What is being asked
In the material below, the lines between the one holding "DICK TURPIN HIGHWAYMAN" and the one holding "<b>1948 Packard Series", inclusive, are to be set down word for word. Pictures stay out.

The data
------------------------------------

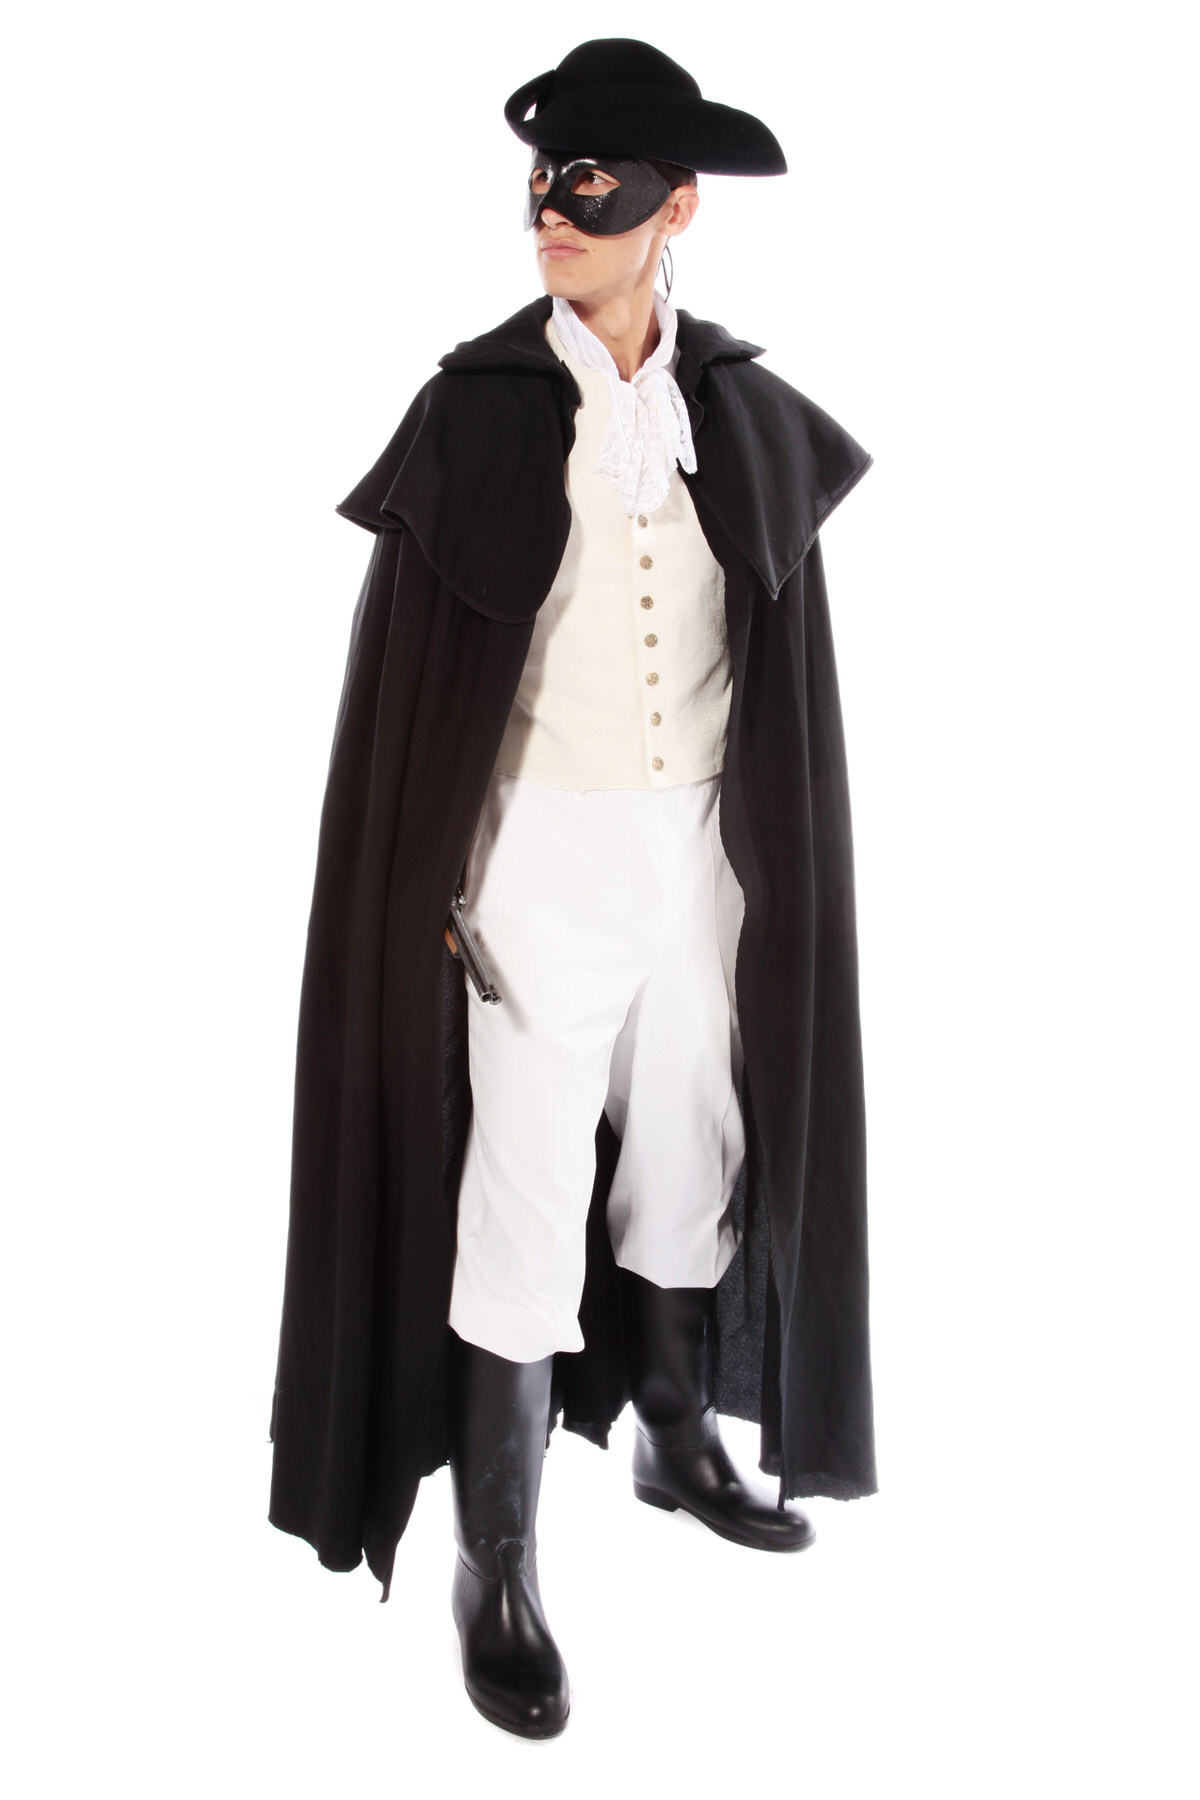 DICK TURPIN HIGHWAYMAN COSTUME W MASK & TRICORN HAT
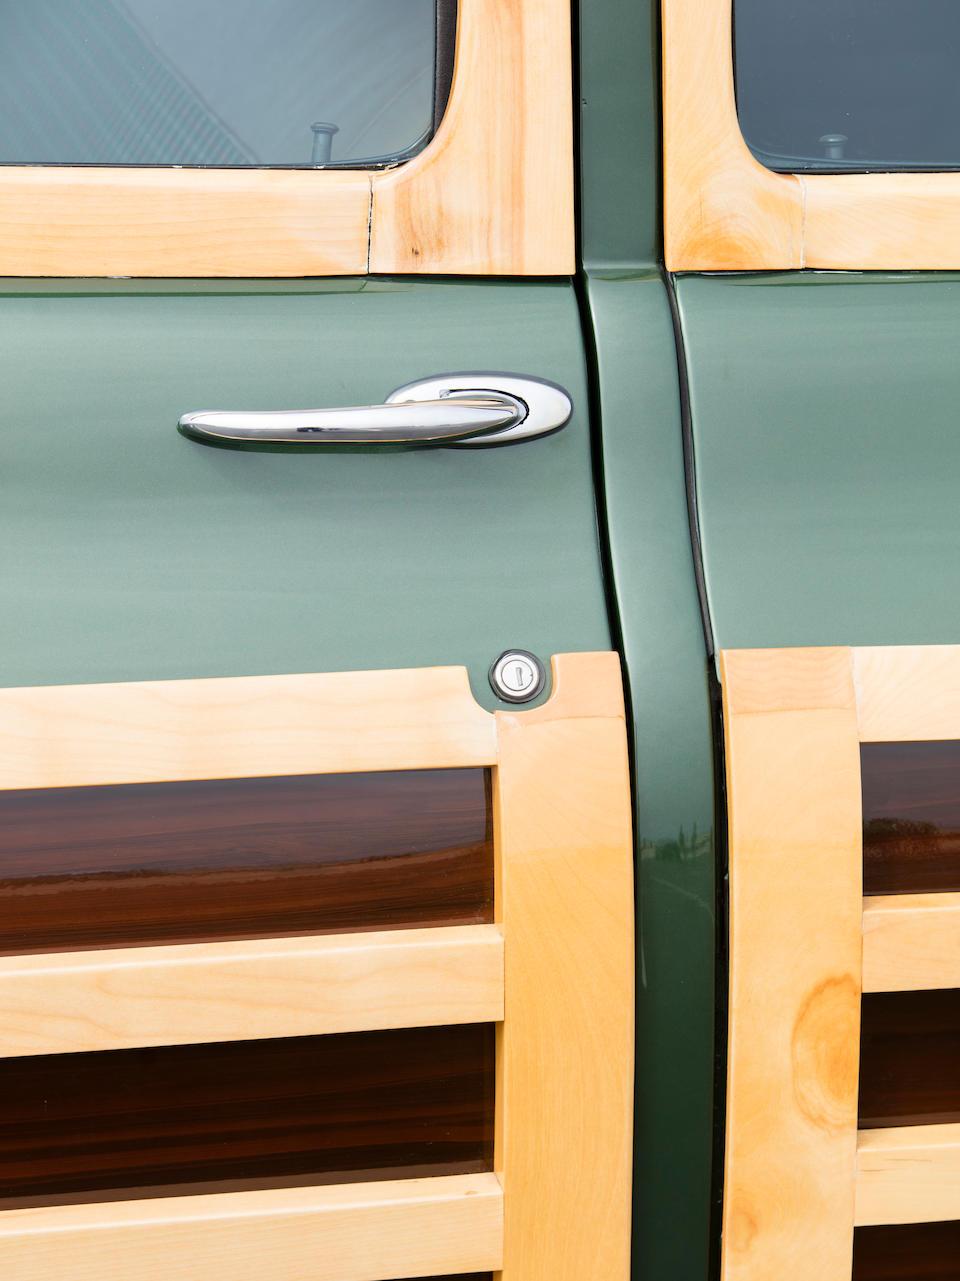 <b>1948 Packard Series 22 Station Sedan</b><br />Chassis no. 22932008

------------------------------------

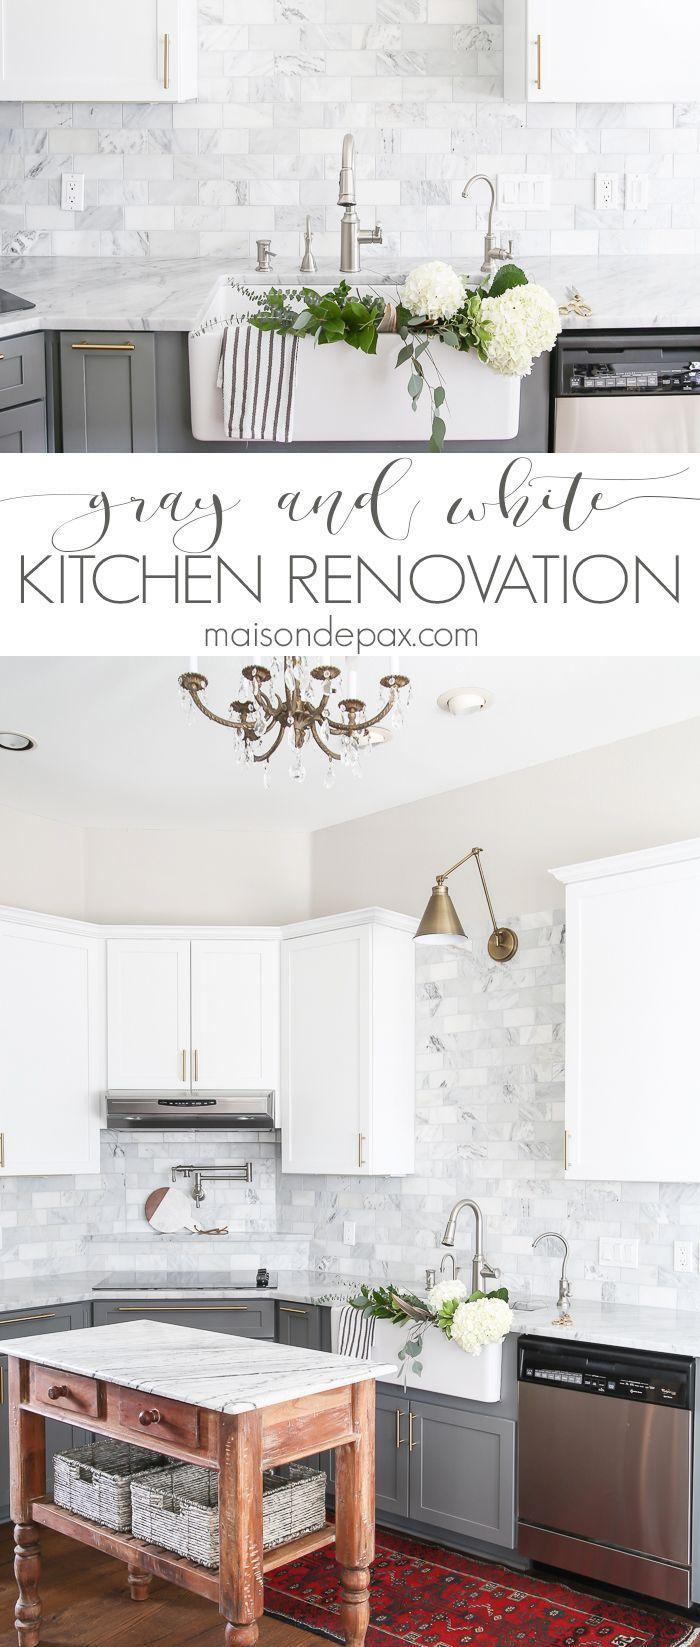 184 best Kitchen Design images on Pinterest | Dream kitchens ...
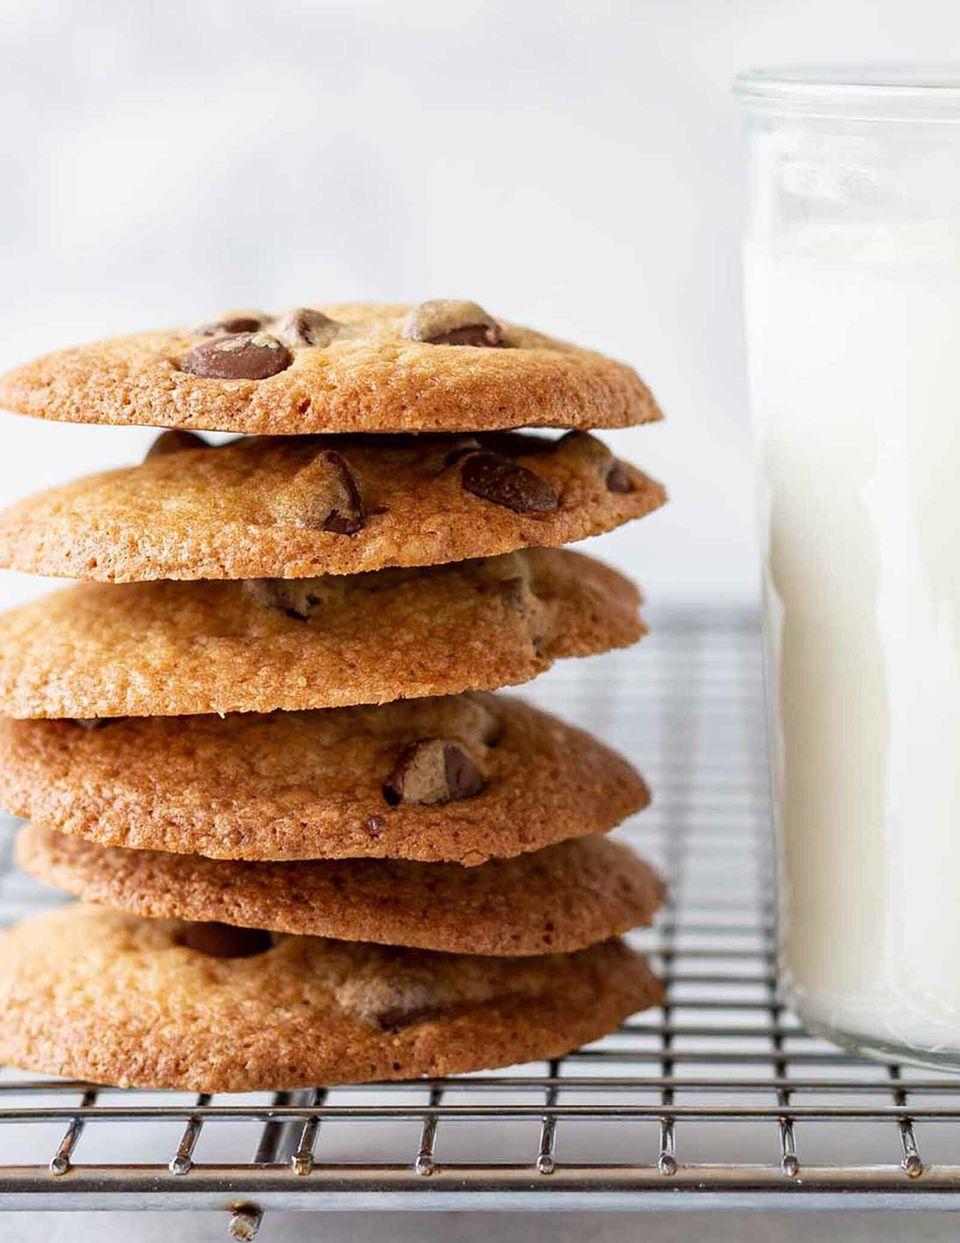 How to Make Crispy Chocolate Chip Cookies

------------------------------------

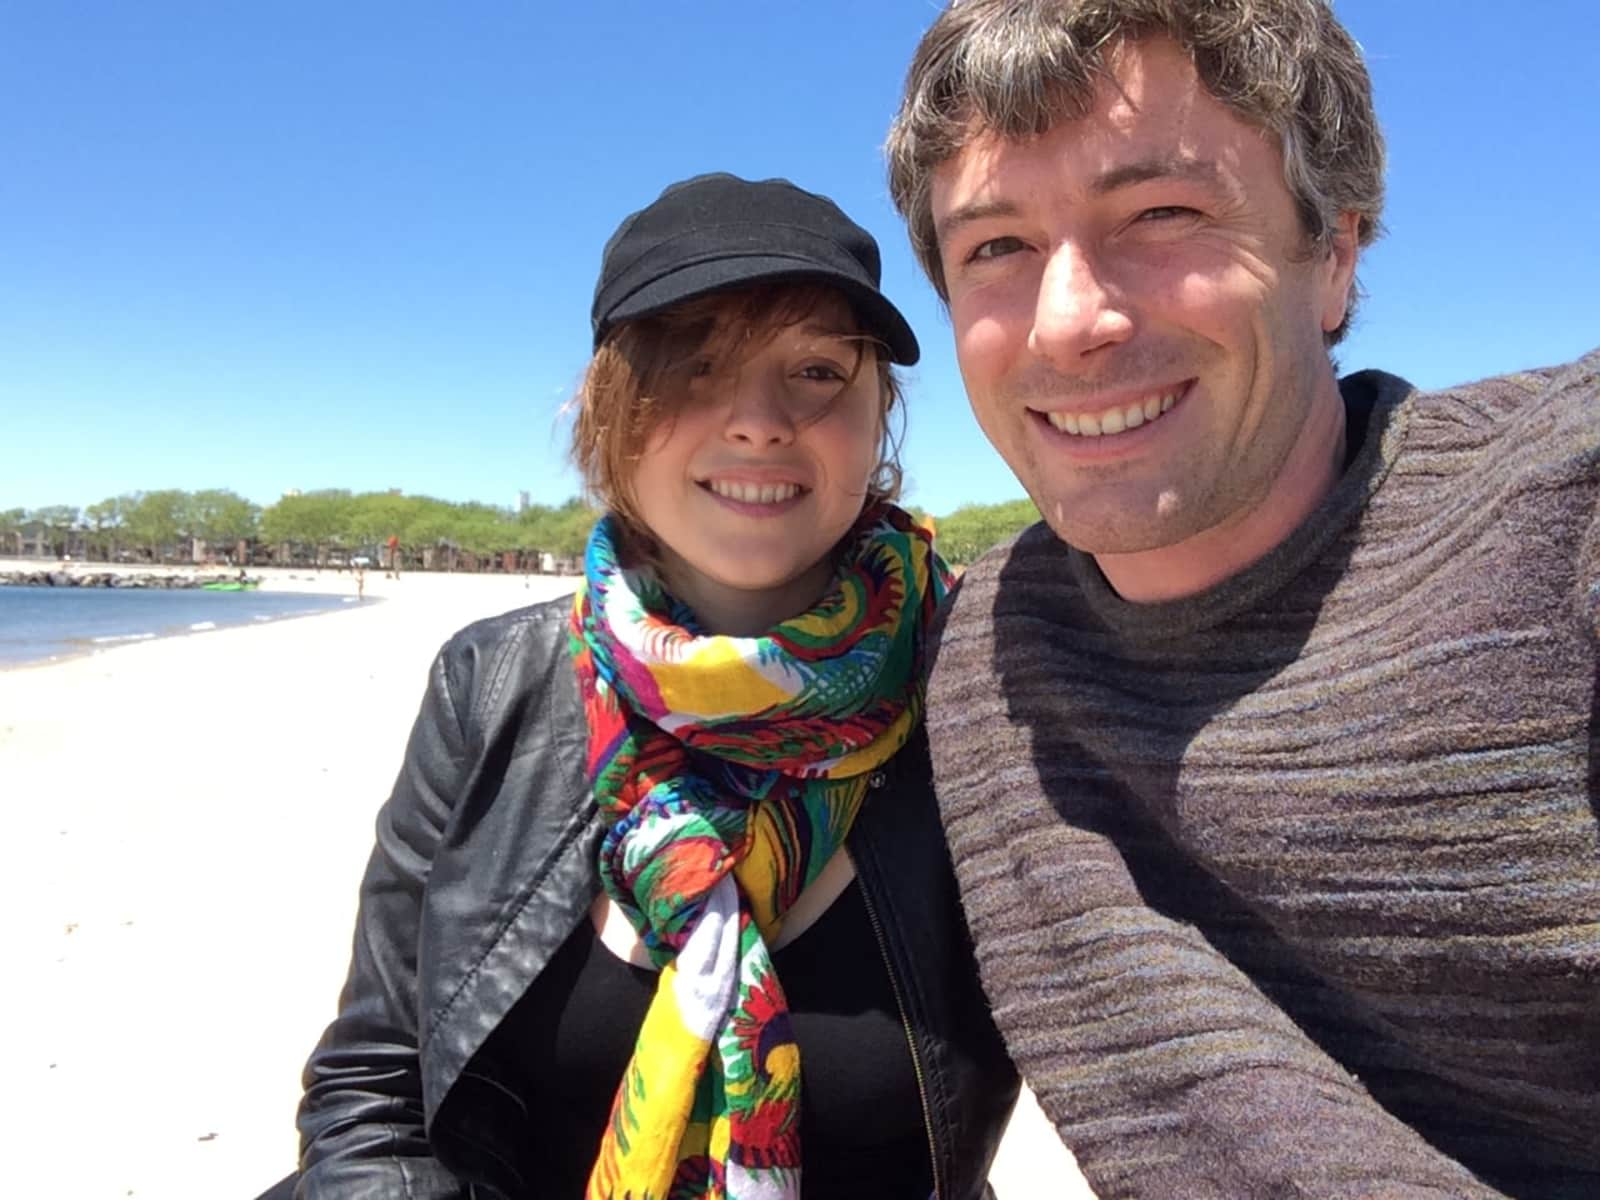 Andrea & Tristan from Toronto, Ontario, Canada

------------------------------------

Task response
 DICK TURPIN HIGHWAYMAN COSTUME W MASK & TRICORN HAT
 <b>1948 Packard Series 22 Station Sedan</b><br />Chassis no. 22932008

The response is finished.